In article <91a57f95-54ee-4f0a-8341-b2a7dc2f11de@h13g2000yqm.googlegroups.com>, WM <mueckenh@rz.fh-augsburg.de> wrote:
> On 16 Jun., 05:37, Aatu Koskensilta <aatu.koskensi...@uta.fi> wrote: > > Virgil <Vir...@home.esc> writes: > > > But until you can determine which of those 10 cases, how can you > > > compute the number? > > > > You can't. The number is computable nonetheless, in the sense that there > > exists an effective procedure for churning out its decimal expansion. > > > > As noted, computability is a purely extensional notion. Recall the > > classical recursion theory exercise, which we find, in some form or > > other, in pretty much any text on the subject: > > > > Let f : N --> N be a function such that > > > > f(x) = 0 if Goldbach's conjecture is true, and 1 otherwise. > > > > Is f computable? > > All computable, Turing-computable, nonetheless computable, definable > (in any useful, i.e., finite language), and by other means > determinable numbers form a countable set.
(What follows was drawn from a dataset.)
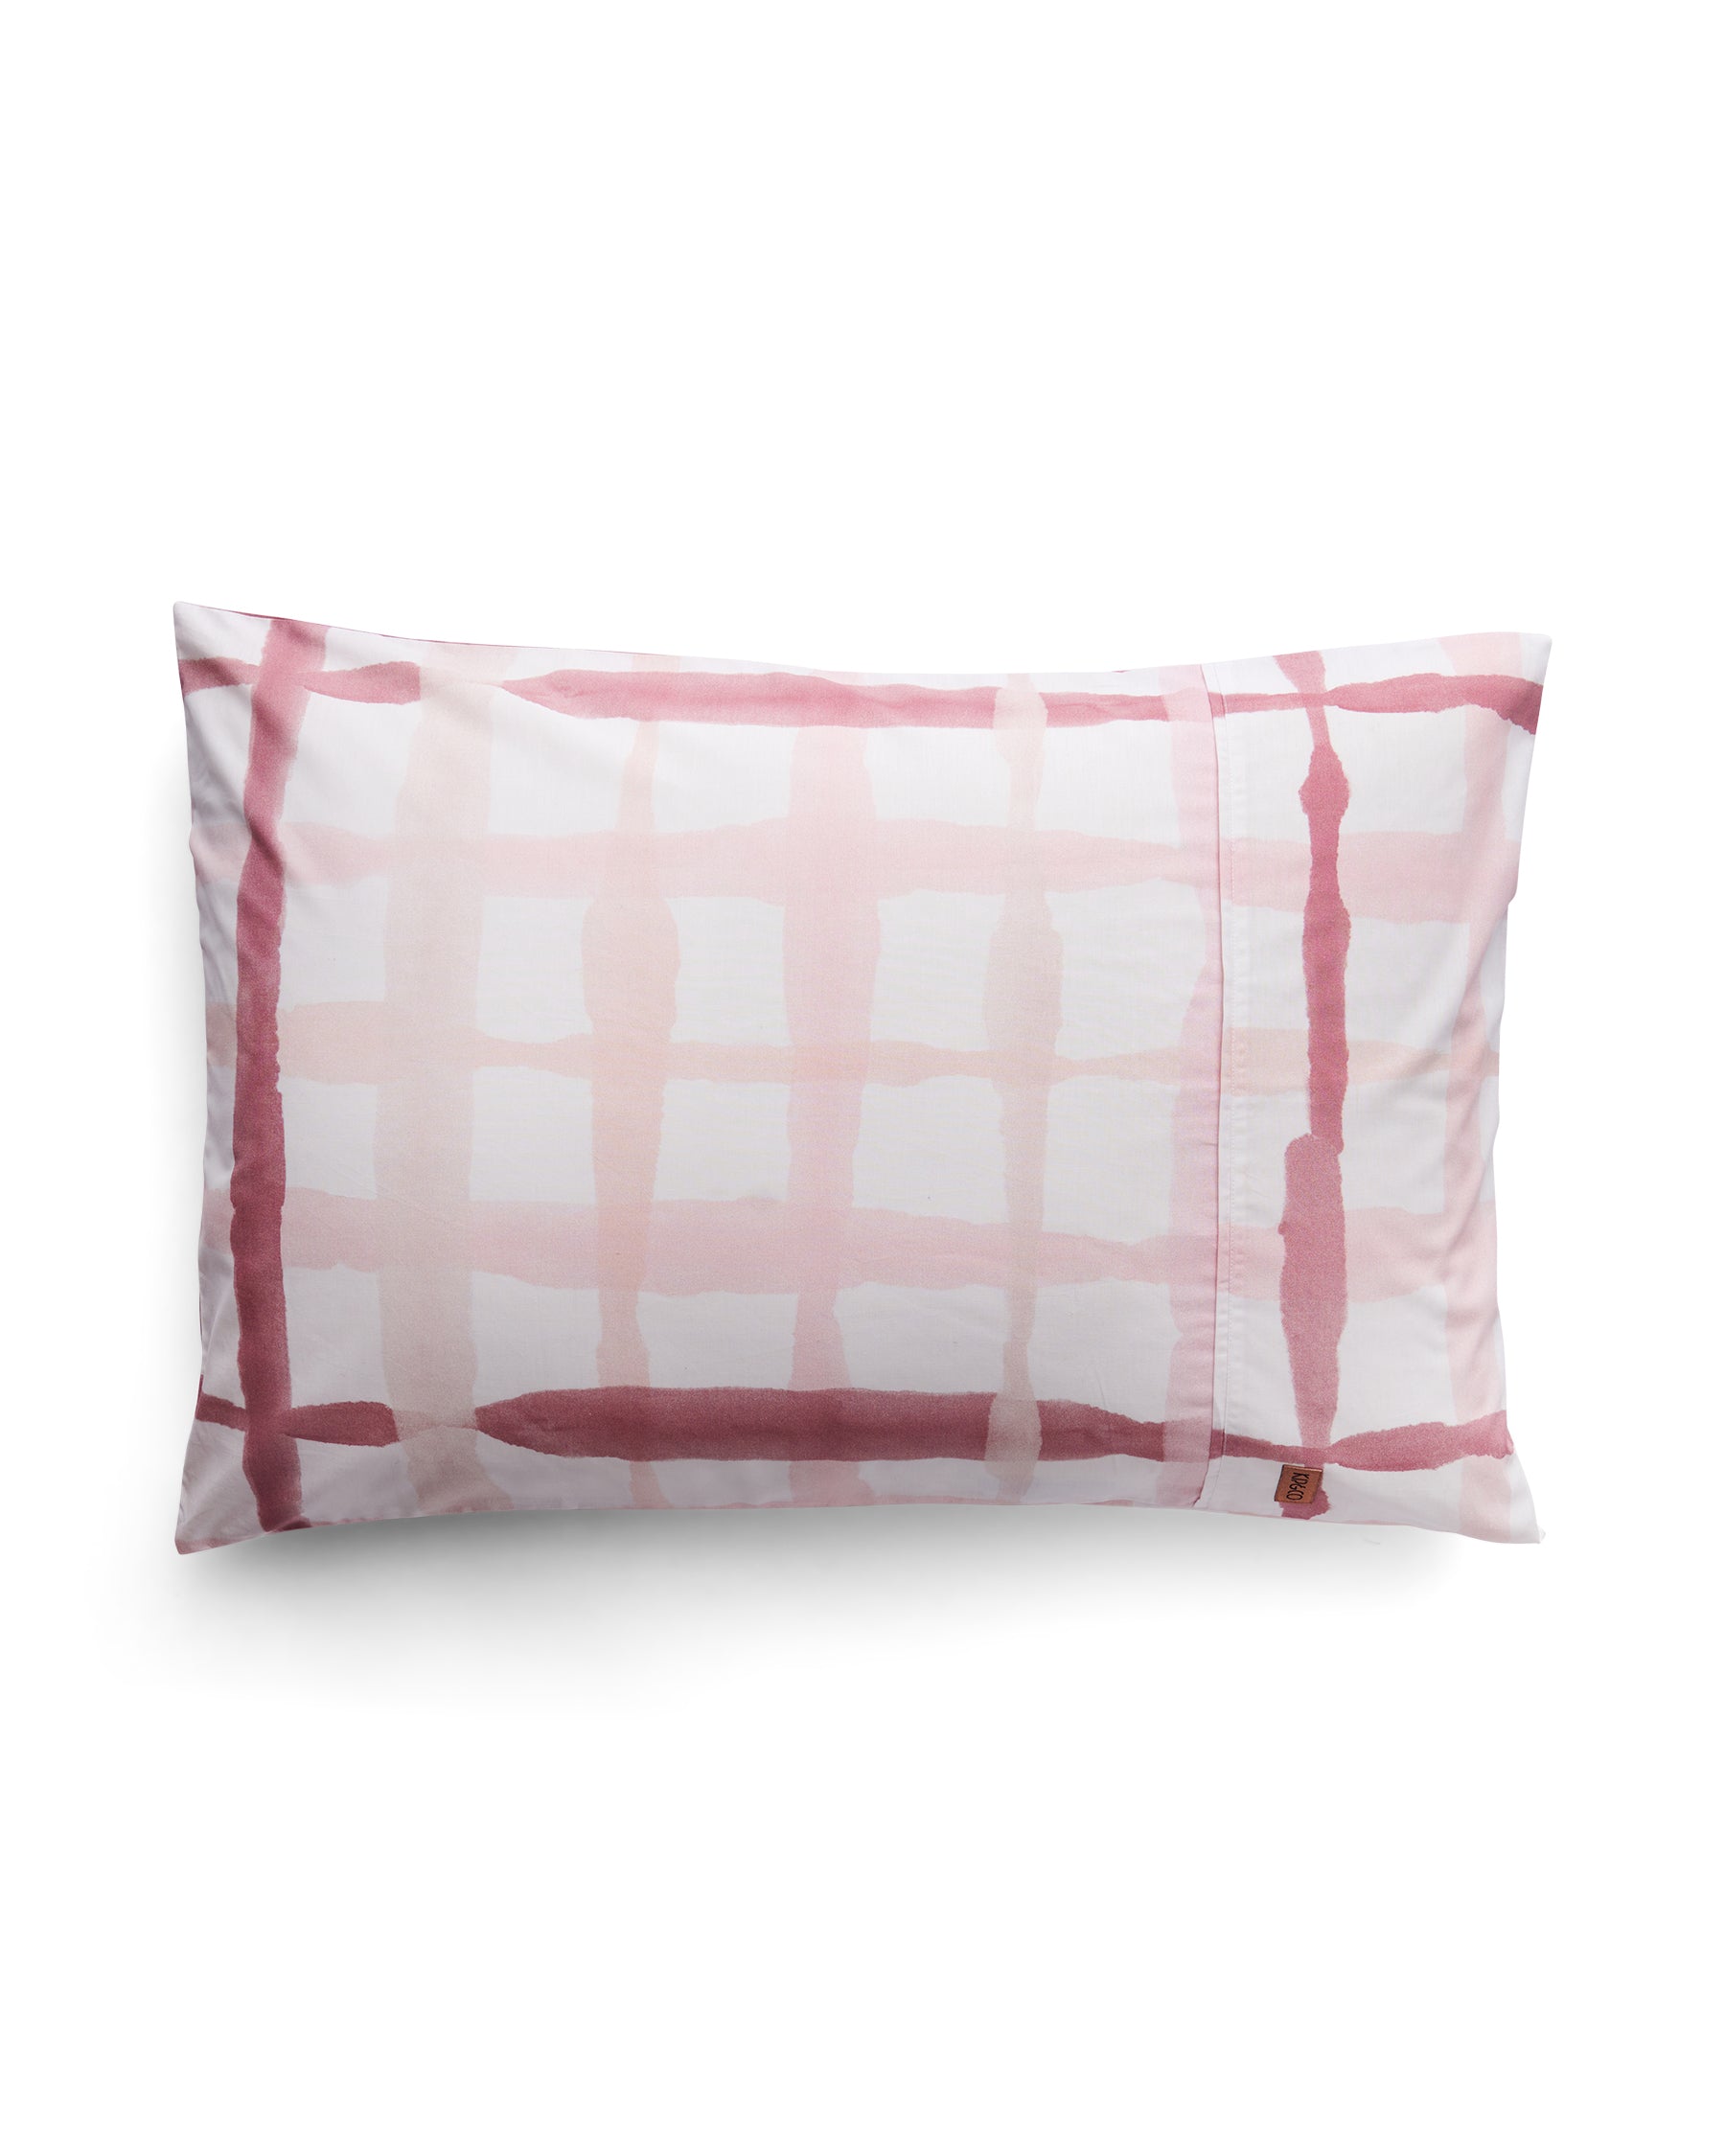 Cotton Pillowcase Set - Inky Wink Pink

I am not sure that in standard mathematics that that description can "form a set" at all, much less a countable one. > > If Cantor's diagonal proof results in any such a number, then it > proves in effect the uncountability of a countable set.
If WM claims that every set of 'real' numbers is countable, meaning that one can construct a surjection from N to it, then the very constructability of such a surjection proves that set of numbers to be incomplete by the Cantor "anti-diagonal" construction.